Methods of Problem Definition
Through empathy mapping, I have attempted to determine the real issues through capturing various perspectives from a variety of peer-reviewed articles and generated conversation within the stakeholder groups. Empathy mapping allows for a variety of perspectives to be captured and later analyzed to better inform the problem definition. Data points for my process of empathy mapping included: census data (Brunet & Galarneau, 2022) and COU (2018) to inform demographics, a research study by Srivastava et al. (2003) to inform psychographics, the EduFlow AI case study (Delanoy, 2025) to inform psychographics, behaviours, needs, goals, motivations, and what users ‘say’, and numerous ‘discussions’ generated by the large language model (LLM), ChatGPT 5 (OpenAI, 2025) to inform what users ‘say’.
LLMs, with the capability of generating text from large and diverse training data, has the potential to offer a variety of perspectives. However, every LLM is biased and highly dependent on the user’s prompt; a user which may unknowingly introduce bias. To encourage a variety of perspectives, I utilized ChatGPT 5 to generate fake discussions amongst students and teachers that have a variety of technical, writing, and AI ability, as well as a diversity of ages, and educational subject area. To explore the breadth of the problem space, I had to prompt ChatGPT 5 for it, thus limiting the breadth of ideas to me, the user. You can view the ChatGPT 5 prompts and resulting ‘discussions’ and ‘participant’ profiles on my Miro board (linked below).
Issues
I grouped the range of issues under distinct and clearly defined headings:
- Meaningful Learning
- Academic Integrity
- Assessment Design
- Limited Teacher Resources
- Integration of GenAI
- Planning for Integration of GenAI
- AI Literacy
- Unethical AI use
- ‘Authentic’ Assessment
- GenAI Policy (what is ethical use)
- Discerning What is AI vs. Student Writing
- Defined Learner-AI Collaboration
Issue Mapping
I mapped the variety of issues against three different categorizations in an attempt to better understand the network of issues. This allows for exploration of two key human-centred design principles: 1. find the right problem, not just the symptom of the problem and 2. consider the interconnected system since optimization of one part does not always benefit the system as a whole (Norman, 2018).
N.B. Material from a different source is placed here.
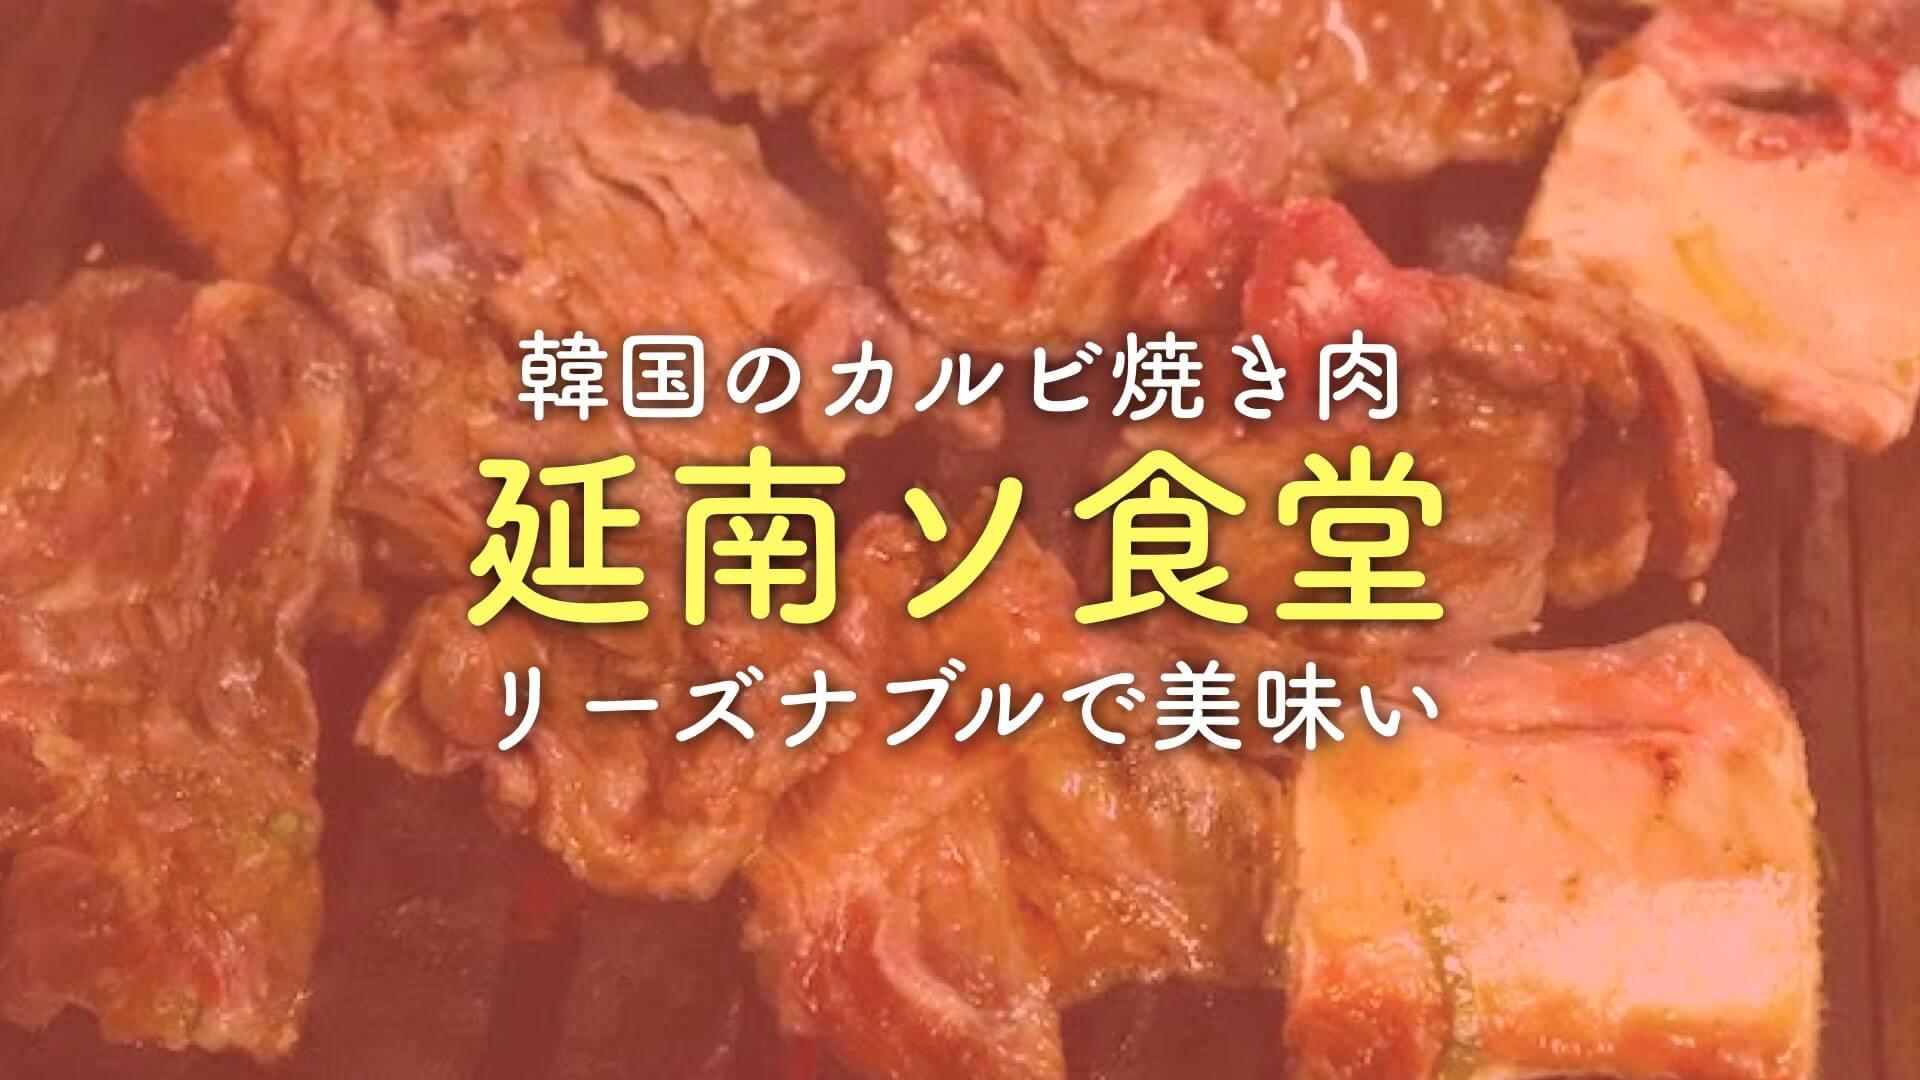 韓国の牛肉焼き肉には延南ソ食堂(旧:ソソカルビ)がおすすめ!

A quick note: that the issues, relationships, and categorizations are still emerging; this is simply a subjective attempt.
| Categorization | Subcategories | Description |
|---|---|---|
| Stakeholder | student and teacher | who may be associated with each issue and how issues affect each other and the associated stakeholder group |
| Temporally | before, during, and after the assessment | when issues may present and influence other issues in the assessment process |
| Systemic Levels | micro (individual), meso (institution), and macro (systemic) | where issues may present and influence other issues across the systemic levels |

Mapping Issues of Assessing Writing Categorized by Stakeholder

Mapping Issues of Assessing Writing Categorized Temporally: Before, During, and After the Assessment

Mapping Issues of Assessing Writing Categorized by Systemic Level: Micro (Individual), Meso (Institution), and Macro (Systemic)
Discussion
The network of interconnected issues does not reveal a clear problem; instead, they reveal numerous interconnected problems, where each problem can be described as a symptom of another, in-line with the wicked problem definition (Corbin et al., 2025). Unfortunately, this makes the design process more challenging and potentially misguided as human-centred design recommends finding the source of the problem, instead of just a symptom (Norman, 2013). So then, where does one start, especially knowing that how we define the problem determines its possible solutions (Corbin et al., 2025; Norman, 2013)? I attempt to explore the problem definition by starting at specific issue or subcategory and following the thread to understand the implications of that starting point.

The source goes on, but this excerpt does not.